I wanted to say something in response. I wanted to say that they ought to look inside their very souls and be ashamed. But I didn't. I didn't say anything. I didn't want to get involved. I didn't agree with either side, but the retaliation, this ganging-up-on mentality was sickening. Most people may say that the anti-police sentiment was sickening.. but the backlash was what I couldn't stomach.
I look back now after seeing the Jamey story. Should I have said something? Now I know it's not exactly the same thing, and I know for a fact that all parties involved in this case were not minors. (If it had been a minor, I most definitely would have said something).

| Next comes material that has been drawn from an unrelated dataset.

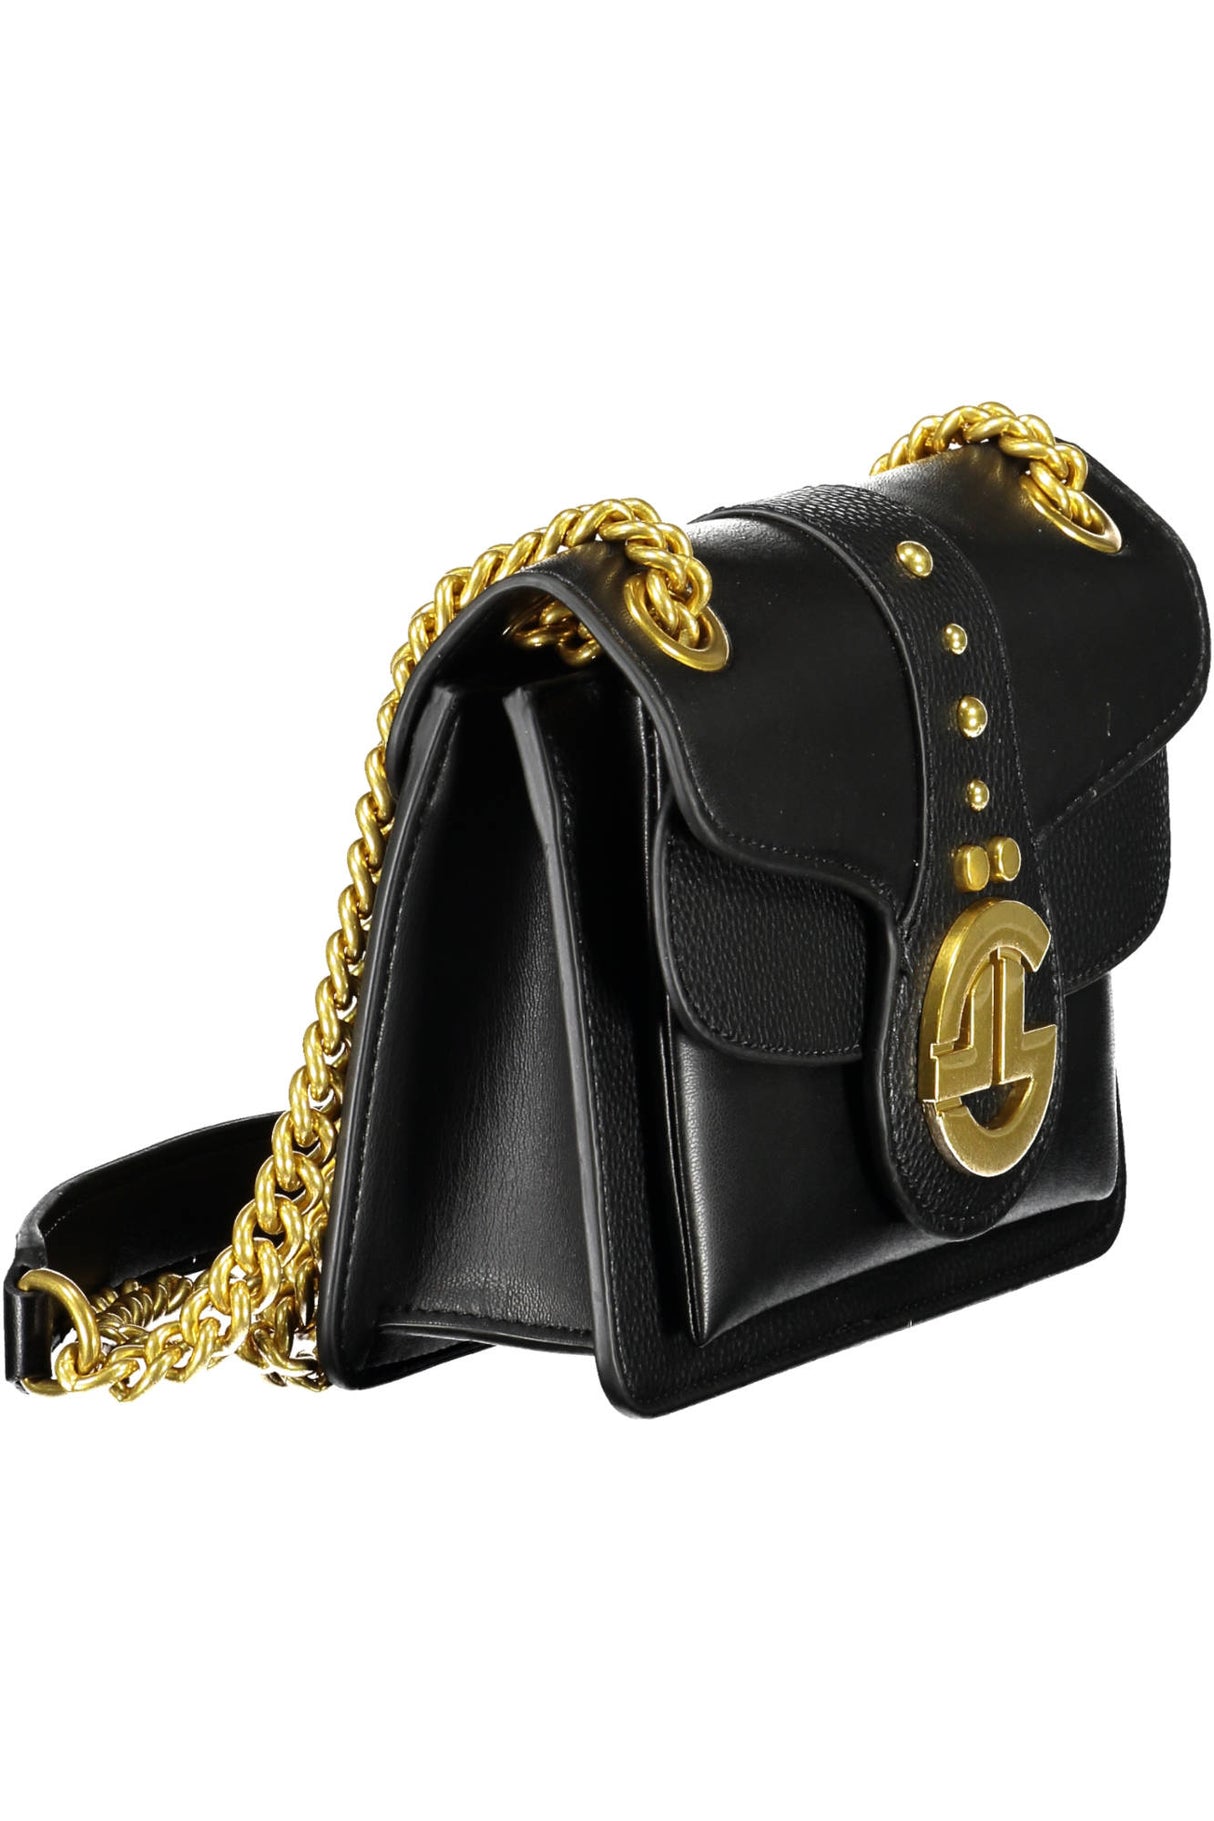 Gaelle black clutch bag with gold shoulder strap

But we don't know what this person is going through or why they're so angry. Could these awful things make a suicidal person follow through with it? I don't know. Possibly. I'm not saying this person was anywhere near suicidal, but we don't know that for sure. Did anyone actually think Jamey was going to kill himself? Even after his warnings and cries for help? Probably not. Should I have said something? I think so. Will I say something in the future? I hope so.
Thoughtful post. I think that bullying is a really complicated problem and I'm not sure whether making it a federal crime will help, maybe but I think the point of having serious consequences for behavior is helpful whatever that may mean. Also, there is this problem with the bystander model which is essentially if you are not the only person witnessing something it actually creates a barrier for you to step in. You assume that someone else will step in since you aren't the only person witnessing a behavior. Actually, if you were the sole witness you are much more likely to engage. So we are currently using this problem to teach people how to step in right now there are programs for specific issues like: sexual assault. We frame it in a way that doesn't sound that dramatic but that's the essential idea. So perhaps in k-12 helping kids step up when someone is in distress as well as addressing the actor or bully. The problem is being a bully in many ways is rewarded so that's another layer. I deal with adult bullies all the time who are teaching their children the lesson that bullying for what you want is the correct way. Anyways, as you can see I think you have good perspective. It's so complicated I'm not sure the best solution.
ReplyDeleteGreat post! Bullying is so hard to "treat" as a teacher I address it every day and talk about how it is important to be nice. It is a hard thing and much like the current state of education - it is a symptom of a larger problem. Society as a whole and the American corporate and political empires are successful because they bully the "little guy". I often say that it is hard to fight against bullying when it is the history of American foreign and domestic politics.
ReplyDeleteHere's the other thought I have on this. One of the professors researches teens and she always says, teens are a reflection on their adults. Essentially, adults push their values onto their kids and these kids just magnify these behaviors. I have to agree when it comes to bullying. Not that every parent of a bully is a bully but for sure adults at large have a lot of explaining to do. Look at the current political discussion in this country - talk about bullying!